The song has also been deemed as one of the best in My Chemical Romance's discography as a whole, with particular praise towards its scope, its theatrical nature, and Minnelli's appearance. The staff of Billboard included the song in their list of The 15 Best My Chemical Romance Songs, writing that it "still stands as one of the craziest and most entertaining songs" released by the band on account of its "constantly-changing musical styles" and "legendary featured guest". Margaret Farrell of Stereogum called "Mama" one of the band's 10 best songs, commending it as "one of the most theatrically intriguing MCR tracks to date". Marianne Eloise of Louder Sound included the song in her list of the band's 20 greatest songs, calling "Mama" one of the band's "weirdest" songs, yet acknowledging that "it works" due to Minnelli's "iconic" performance and the prevalence of show tunes in the band's discography.
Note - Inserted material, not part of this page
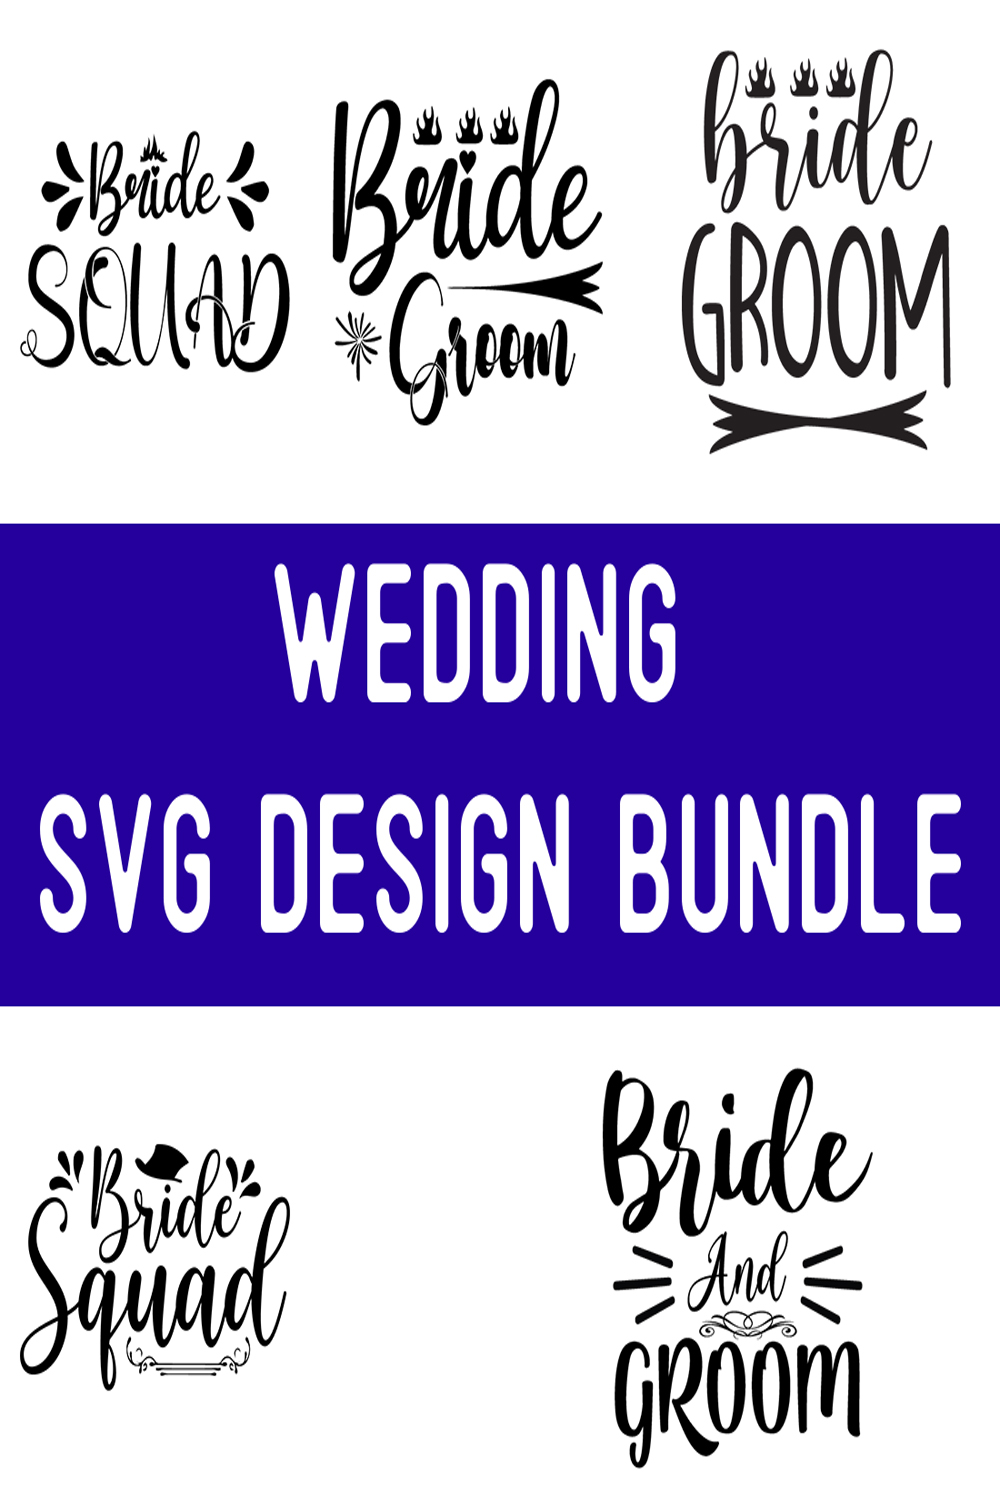 wedding SVG Design Bundle pinterest preview image.

Bryant, also writing for Louder Sound, and Cassie Whitt of Loudwire ranked "Mama" as the fifth- and tenth-best song in the band's discography respectively, both praising its riskiness. Andy Belt of PopMatters ranked the song as the band's eleventh-best due to its lyrics and chorus evocative of "vintage MCR". Sam Law of Kerrang! ranked the song as the band's twelfth-best, noting that, despite "Mama" not being "the best song MCR have ever written", it "might just be the most they've ever packed into one".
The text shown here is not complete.